> **Provided data**:
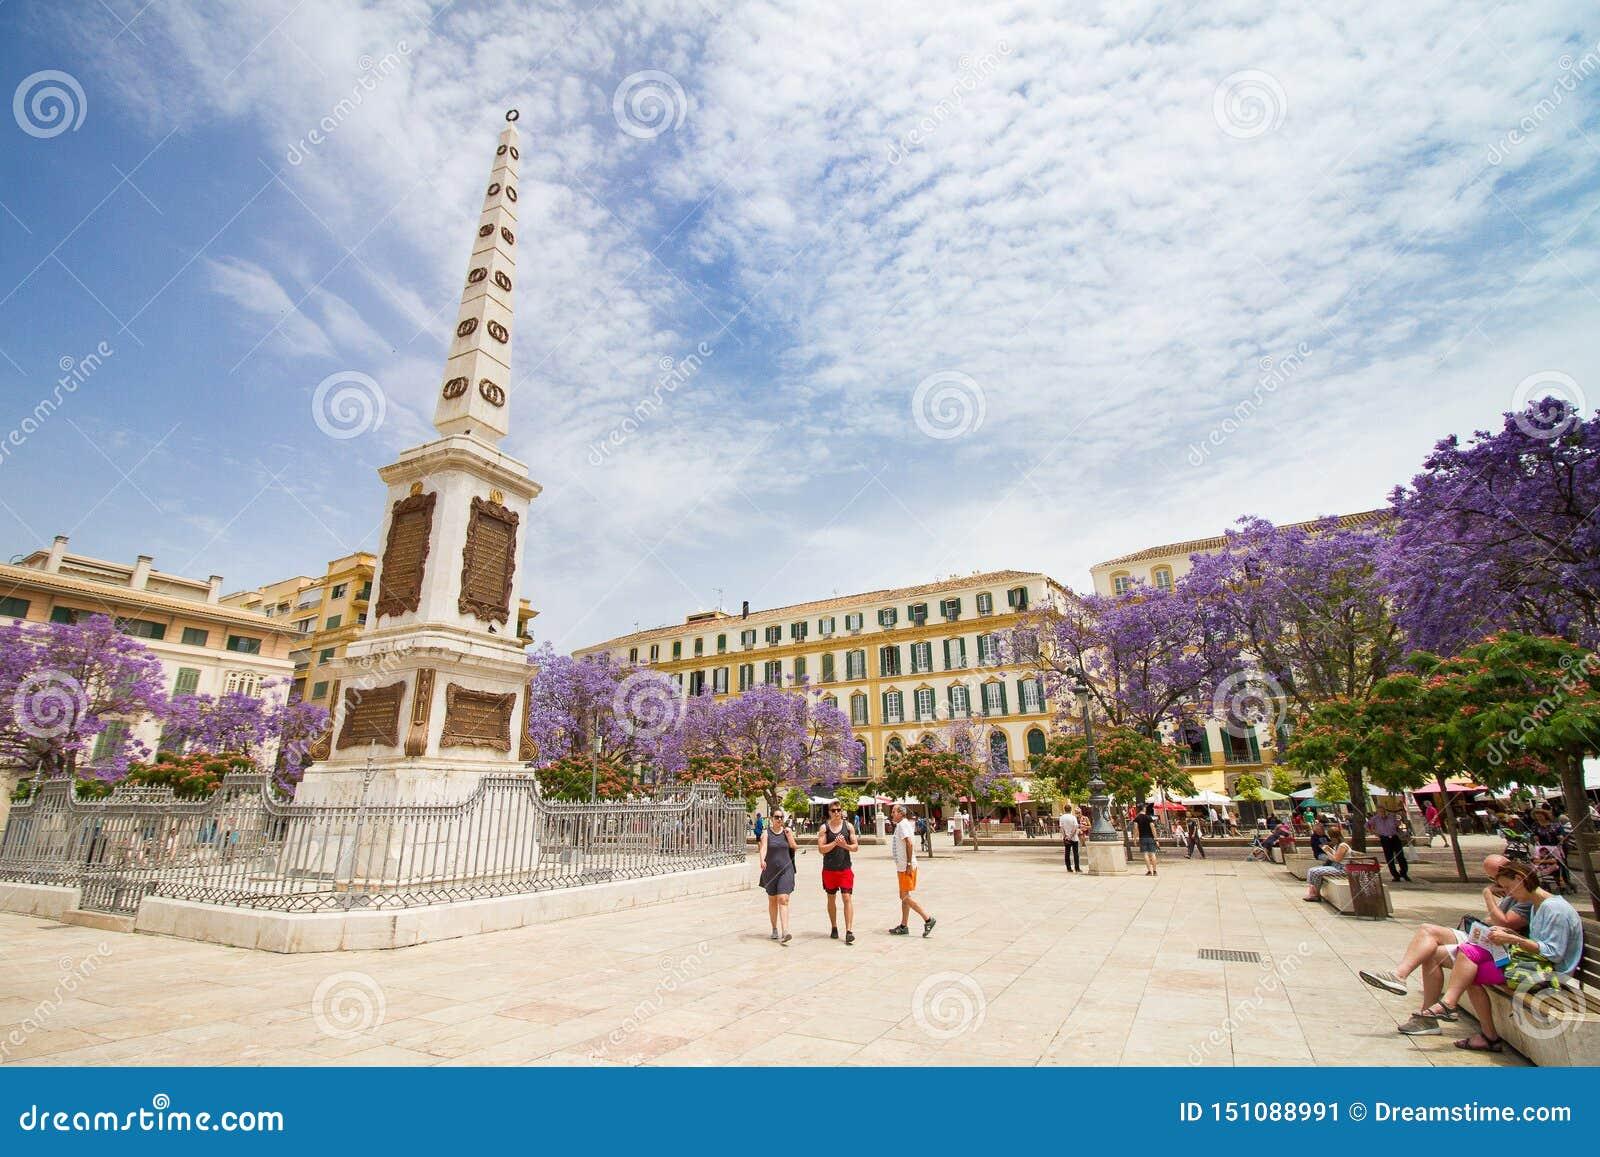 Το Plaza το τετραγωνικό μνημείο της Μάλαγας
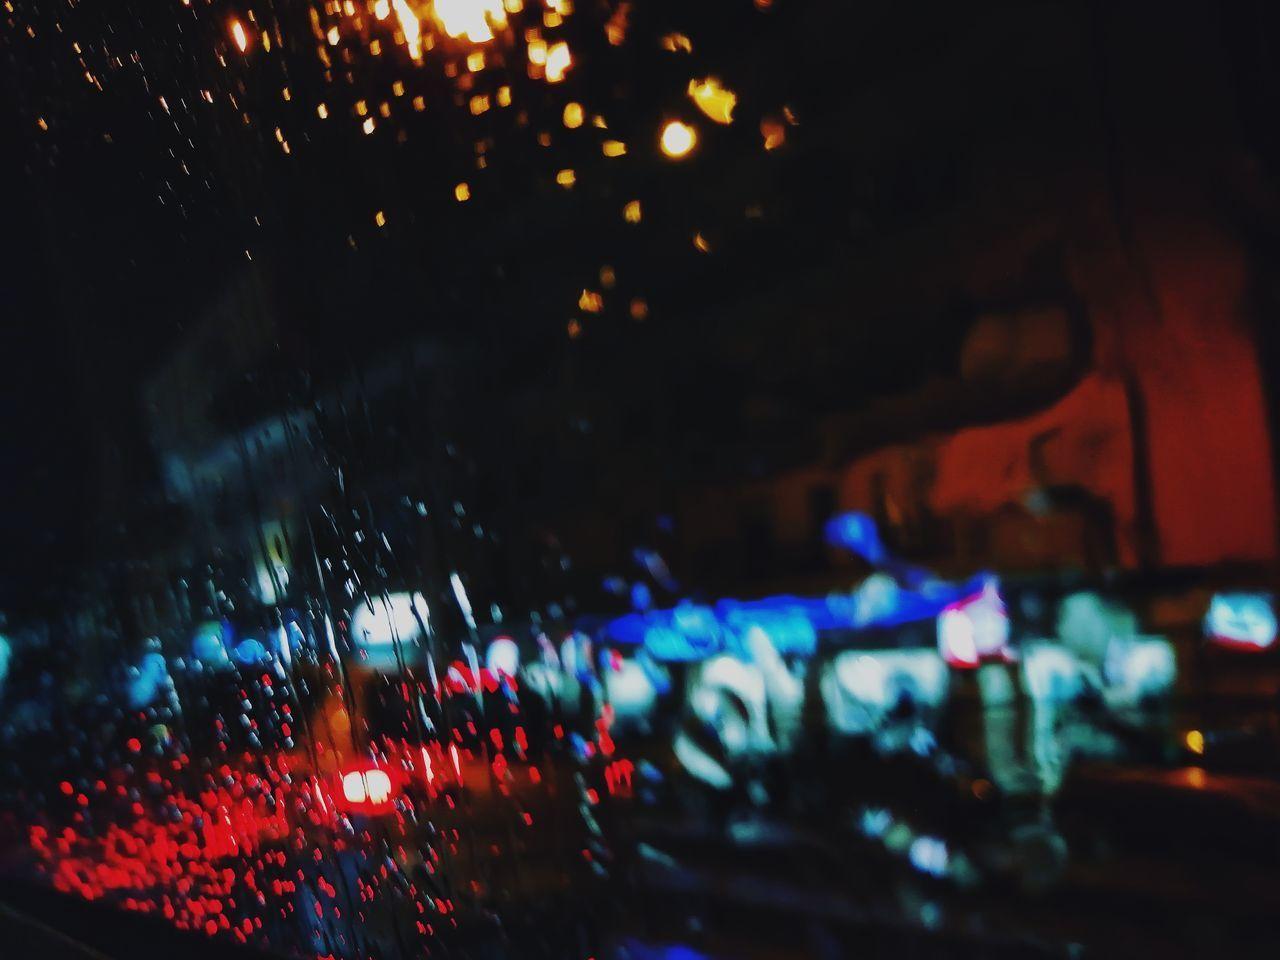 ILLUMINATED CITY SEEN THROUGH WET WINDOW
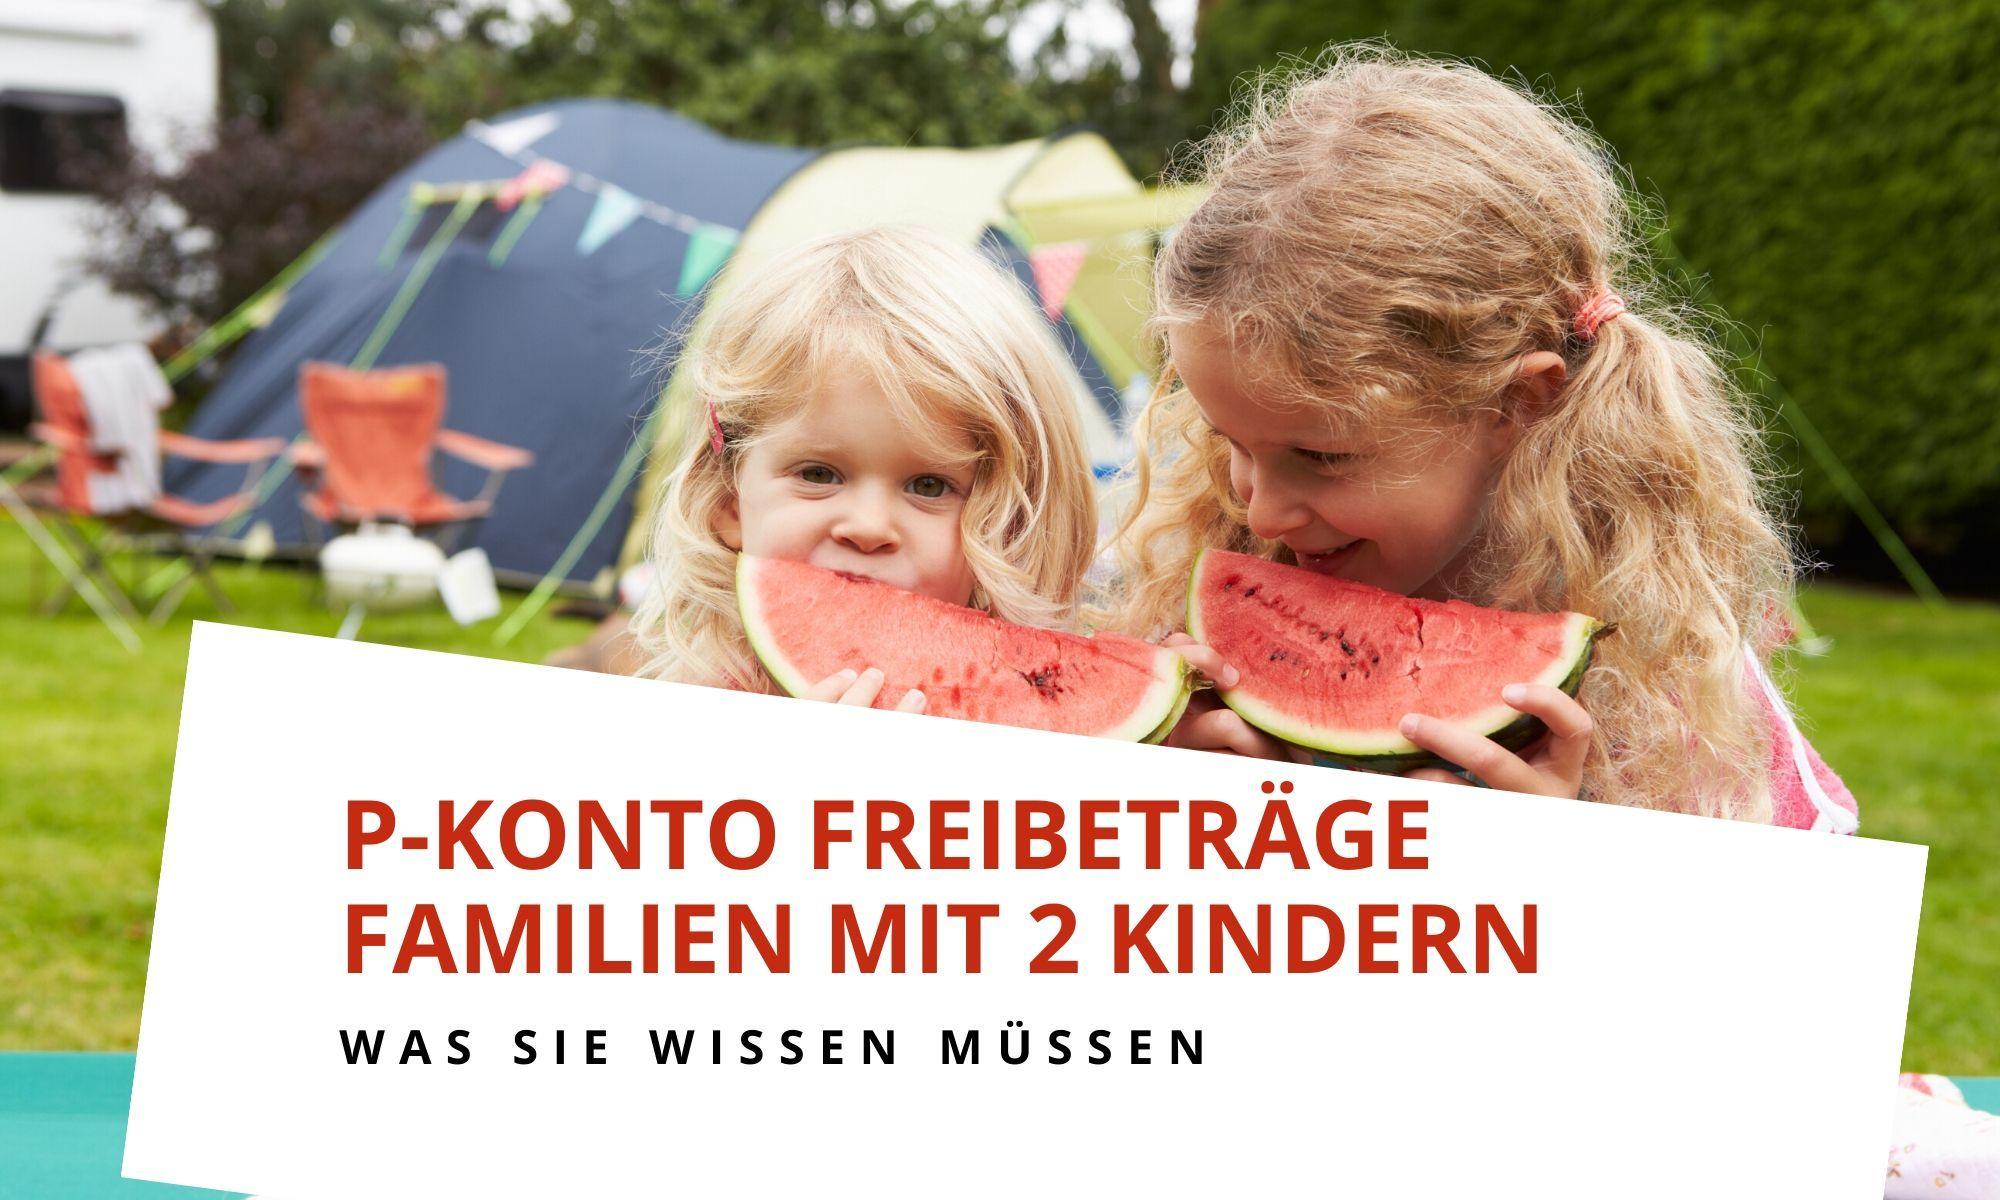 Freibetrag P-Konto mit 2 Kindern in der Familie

> **Problem statement**: All the lines above are to be given again exactly as they read, with the pictures removed.

> **Your solution**:
 Το Plaza το τετραγωνικό μνημείο της Μάλαγας
 ILLUMINATED CITY SEEN THROUGH WET WINDOW
 Freibetrag P-Konto mit 2 Kindern in der Familie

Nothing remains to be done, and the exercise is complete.